NSGA multi is capable of catching up with S-Rank, despite the low number of feasible solutions it's capable to find, as can be observed in the next section. The reason that it behaves worse than the NSGA-II could be because of the multiple objectives, where it tries to minimize all of them. That way it might happen it minimizes mainly the objective function, but not the constraints. Or one of the constraints and not the other(s).
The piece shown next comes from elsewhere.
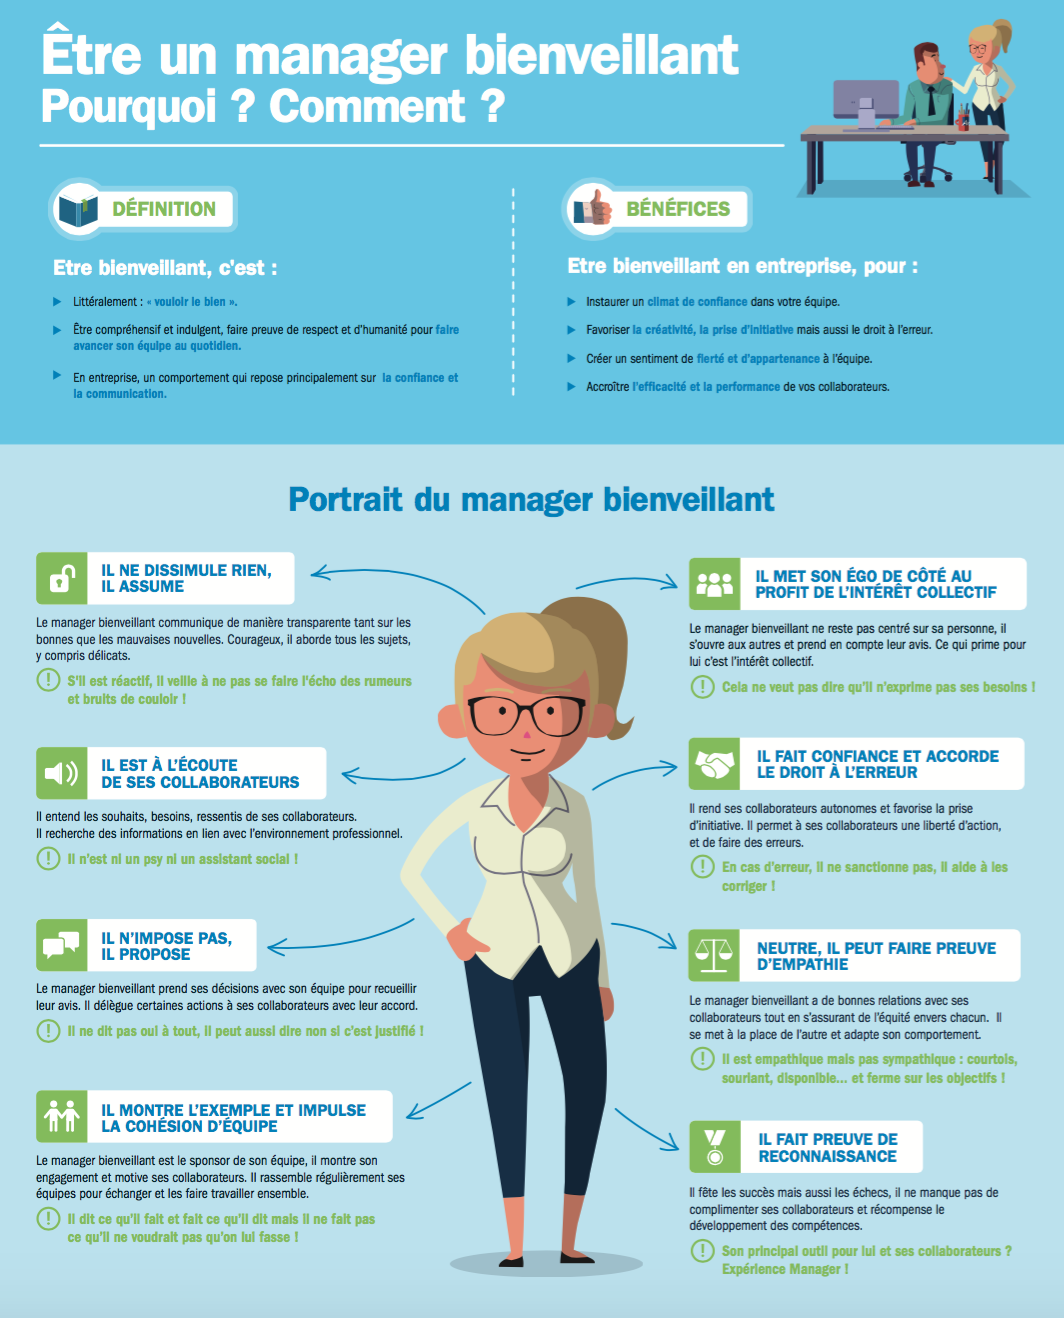 AXA infographie portrait manager bienveillant Wisdom Paris

Improved NSGA seems to behaves the best. This could be because it does not only prioritize feasible solutions, it prioritizes good feasible solutions. When we already do find a good feasible solution, there is much more potential for making it even better.

NSGA constr is capable of finding more feasible solutions compared to NSGA, at least early in the run (see the next section), but it does produce worse results, suggesting that it prefers feasible solutions even if they aren't as good. This really is the case when looking at the conditions.

#Comparing g11 with g06

g11 is special in the regard that it has an equality condition that is harder to satisfy. So here only g11 is compared with g06. A fraction of feasible solutions for each iteration has been obtained, as well as average constraint violation.
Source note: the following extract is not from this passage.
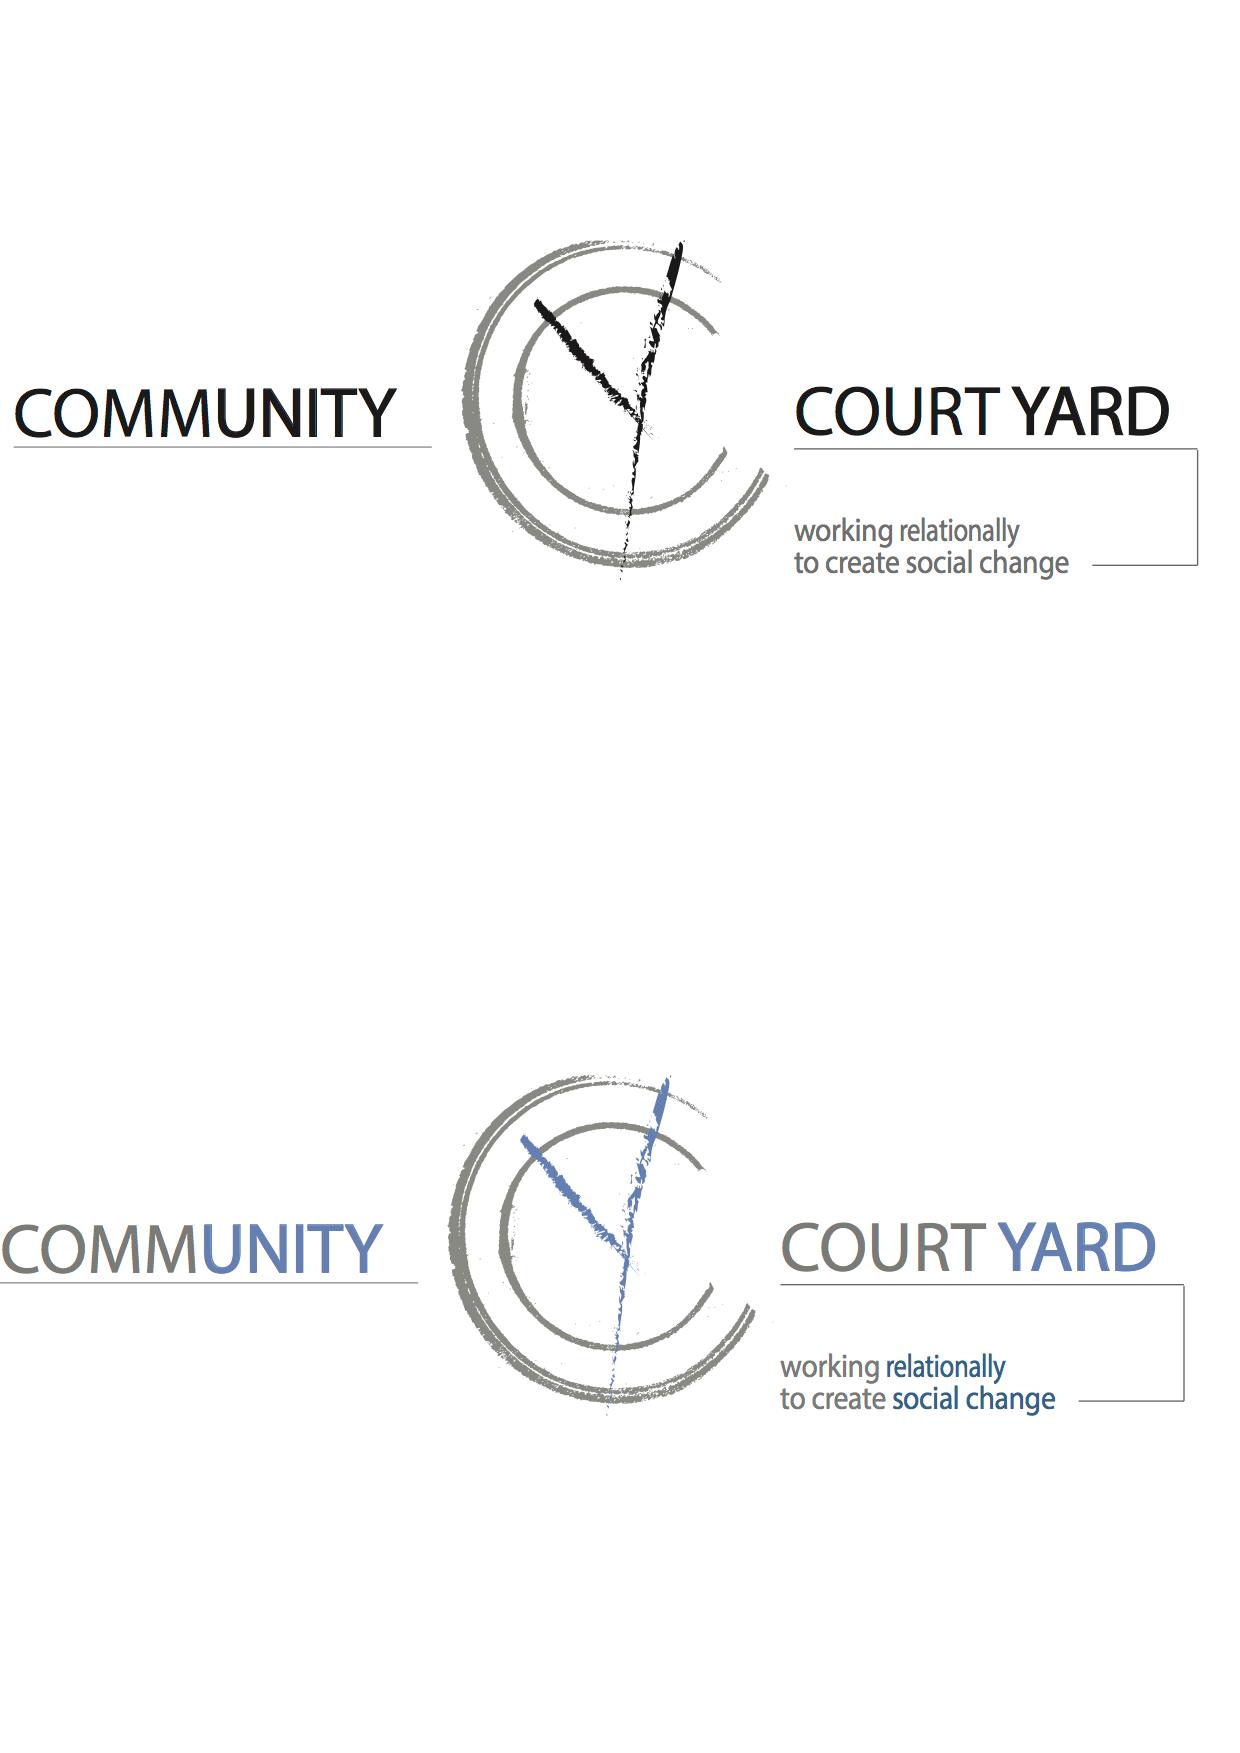 Community Court Yard

Here is a plot with fraction of feasible solutions in iteration for both problems:

#Comparing feasibility in the population

One important metric is how many individuals in the population are actually feasible. Because this can differ quite a lot for different problems, two graphs are shown here, one each for a single problem.

Here is the graph for g06, that's one of the easier problems, 2D function, with two lower than constraints.

Then g11, that's also only 2D, but the constraint is an equality function. Equality is harder to satisfy, because the area of feasible solutions is smaller. And through the mutation it's much more probable to leave the feasible area than to stay inside of it.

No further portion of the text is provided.